Ces paramètres par défaut sont issus du manuel standard des applications grand public — infrastructure solide, rapports de plantage utiles, métriques de croissance — appliqués sans trop y penser à une application qui détient l'argent des gens. Ce qui est la partie encourageante : chaque fuite mentionnée dans cette section remonte à une décision qu'un constructeur de portefeuille a le pouvoir de prendre.
Qui regarde
Commençons par les spectateurs que vous souhaiteriez le moins avoir. Les criminels ont compris qu'un registre public fait également office de catalogue de personnes dont les économies peuvent être prises de force. Les attaques à la clé anglaise (wrench attacks) — des vols où la clé est extraite par la violence ou la menace — ont bondi de 75 % en 2025 (s'ouvre dans un nouvel onglet), et les victimes ont perdu environ 101 millions de dollars au cours des quatre premiers mois de 2026 (s'ouvre dans un nouvel onglet) seulement. Et la tendance s'est déplacée vers ce que les enquêteurs appellent le ciblage basé sur les données, où les attaquants profilent les avoirs onchain d'une victime avant même de frapper à sa porte. Dans plus de la moitié des incidents récents, ils ont atteint un conjoint, un enfant ou un parent comme moyen de pression. Un solde de portefeuille qui remonte jusqu'à votre porte d'entrée est une invitation permanente pour les criminels.

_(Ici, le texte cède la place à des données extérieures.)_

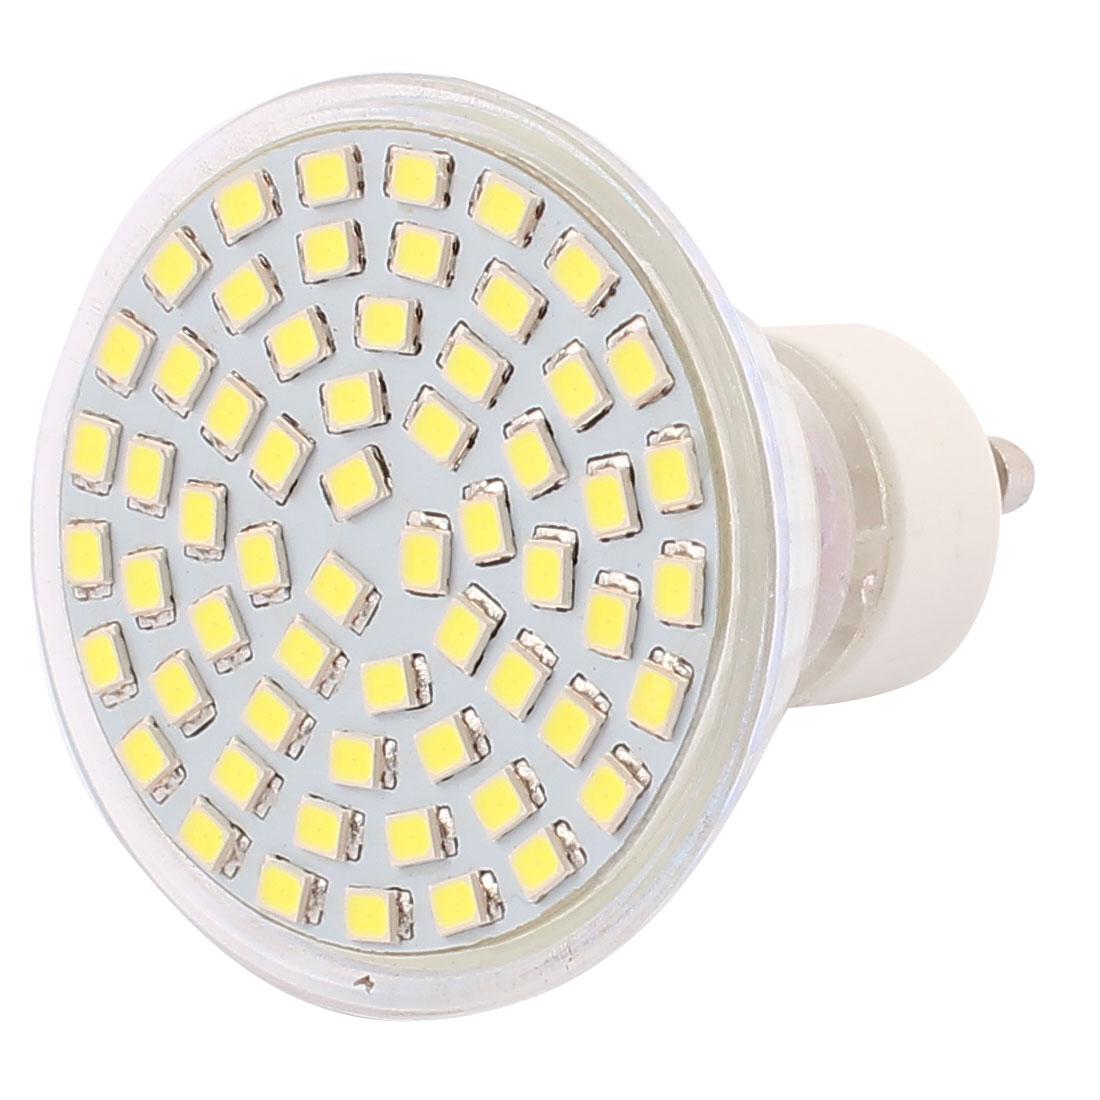 110V GU10 LED Light 6W 2835 SMD 60 LEDs Spotlight Down Lamp Bulb Lighting Pure White

Ensuite, il y a les spectateurs avec des insignes. Un registre transparent est un système de surveillance qu'aucun gouvernement n'a besoin de construire : un enregistrement complet de qui a payé qui, quand et combien, exposé publiquement, accessible par une simple requête sans assignation à comparaître. À quel point cela devrait vous inquiéter dépend de qui vous gouverne, et pour des millions de personnes, la réponse est un gouvernement qui punit un don au parti d'opposition, un abonnement VPN ou des économies détenues dans une monnaie que l'État ne peut pas imprimer.
Pour ces utilisateurs, l'exposition financière est le modèle de menace, et les paramètres par défaut du portefeuille décident de leur niveau d'exposition.
Les deux types de spectateurs bénéficient de la même mise à niveau. L'IA rend la surveillance moins chère chaque année, et tout ce qui a été écrit sur la chaîne reste écrit, disponible pour toute nouvelle technique d'analyse à venir. Rien de tout cela n'est une condamnation du registre public ; la transparence est ce qui permet à quiconque de vérifier la chaîne. L'exposition réside dans la piste qui relie l'enregistrement à vous — les modèles de financement, les adresses réutilisées, les journaux de serveur.
Les portefeuilles ont laissé cette piste en place jusqu'à présent car la laisser est la voie de la moindre résistance, pour le logiciel tout autant que pour l'utilisateur. C'est aussi exactement la chose qu'un portefeuille est en position de dissoudre.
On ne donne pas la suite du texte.